Everything that efficiently shifts costs from variable to fixed will reinforce advantages from scale economies. Take Xerox, the US company that sells print and digital documents products and services. Xerox pioneered the printer leasing business model. Think of those massive printers you use in the office. Instead of selling printers, Xerox’s lease and service business model reduces the upfront cost for their clients. At the same time, this increases Xerox’s assets and working capital. Meaning to compete with Xerox, all of its competitors have to increase their capital by owning those printers. 

This is also the reason why Amazon went from a capital-light business model selling products online to a capital intensive business acquiring Whole Foods stores and leasing 50 cargo airplanes. This forward integration increases the business’s capital intensity, making it harder for entrants to compete before committing to a massive upfront investment. In some cases, firms integrate backward up its supply chain not only to achieve scale efficiency but also to prevent entrants from having access to certain important raw materials. 

Either way, these vertical integration creates scale barrier because entrants face the cost of creating their integration. Further discouraging them from entering the market. 

*Flywheel Effect*
The last thing to remember is that scale economies requires some form of customer captivity to become a sustainable moat. Companies typically do this using the ‘flywheel’. Consider SEEK Group, who owns several job sites such as SEEK, Jobstreet, JobsDB, Zhaopin etc. Due to its scale and being the first mover, SEEK managed to attract more and more job candidates to their website. This, in turn, attracts more employers to advertise their vacancies, which attracts even more job candidates. This is the first flywheel. SEEK then leverage on its scale advantage and the wealth of data generated by both candidates and employers to turn it into products and features that improve its job matching ability. Thereby, making SEEK even more attractive to both sides of users not just for its scale, but also for its ability to help employers reduce employment cost, improve productivity, and increase employee retention over time. That’s the second flywheel. The first flywheel develops an advantage through scale; the second flywheel reinforces the first flywheel by providing more value to its customers.

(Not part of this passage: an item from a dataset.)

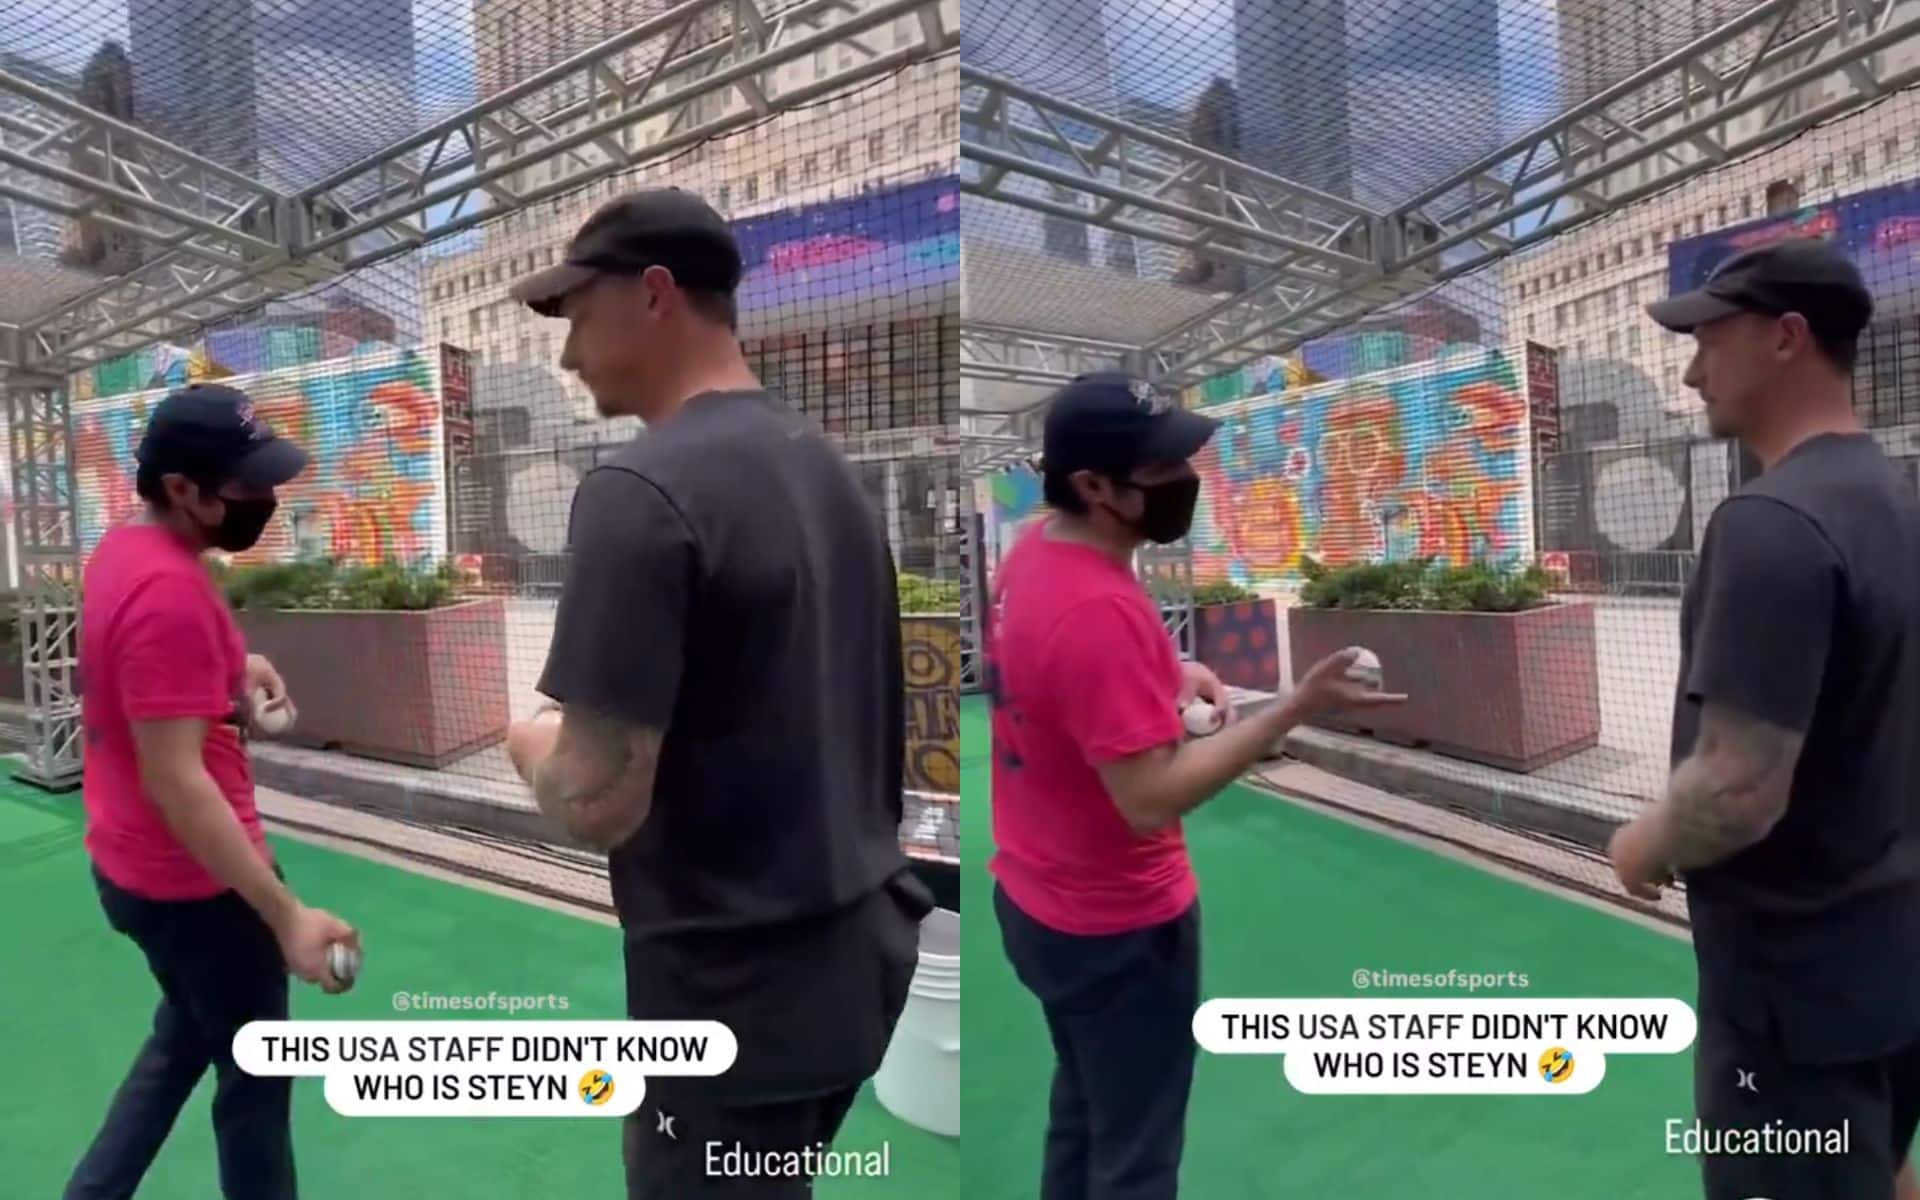 Dale Steyn getting tips from a staff member in USA (x.com)

Amazon uses a similar strategy to deepen its moat as well. It uses its size to achieve scale economies and lower its cost before passing those cost savings over to its customers, thereby attracting more customers who turn to Amazon as their primary shopping destination. This allows Amazon to further lower its cost and branch into other categories, increase its product breadth, and further solidify customer captivity. These flywheel effects reinforce one another to make it almost impossible for competitors to compete efficiently. 


*Notes*

Jarillo, J. (2003). _Strategic Logic_: Palgrave MacMillan


----------



## qldfrog (11 November 2019)

No denying and interesting, how do you apply this to investing?
Looking at yearly report to calculate MES or  keeping watch for any technological advance able to drastically change the status quo?


----------



## peter2 (11 November 2019)

How about we use the "flywheel" effect of buying when the market is going up. This will provide an immediate boost to our portfolio. Then as the profits accumulate we re-invest the profits. 

The first flywheel is a rising market. The second flywheel is scale. 

If as a trader you find yourself digging a moat. Stop digging.


----------



## RickyY (11 November 2019)

peter2 said:


> How about we use the "flywheel" effect of buying when the market is going up. This will provide an immediate boost to our portfolio. Then as the profits accumulate we re-invest the profits.
> 
> The first flywheel is a rising market. The second flywheel is scale.
> 
> If as a trader you find yourself digging a moat. Stop digging.




I think you have taken the analogy too far but your 'flywheel' has diminishing return. In other words, it doesn't fly, it crawls. There is no 2nd flywheel because when you reach scale, your selling would cause the price to fall. That is called negative feedback loop.


----------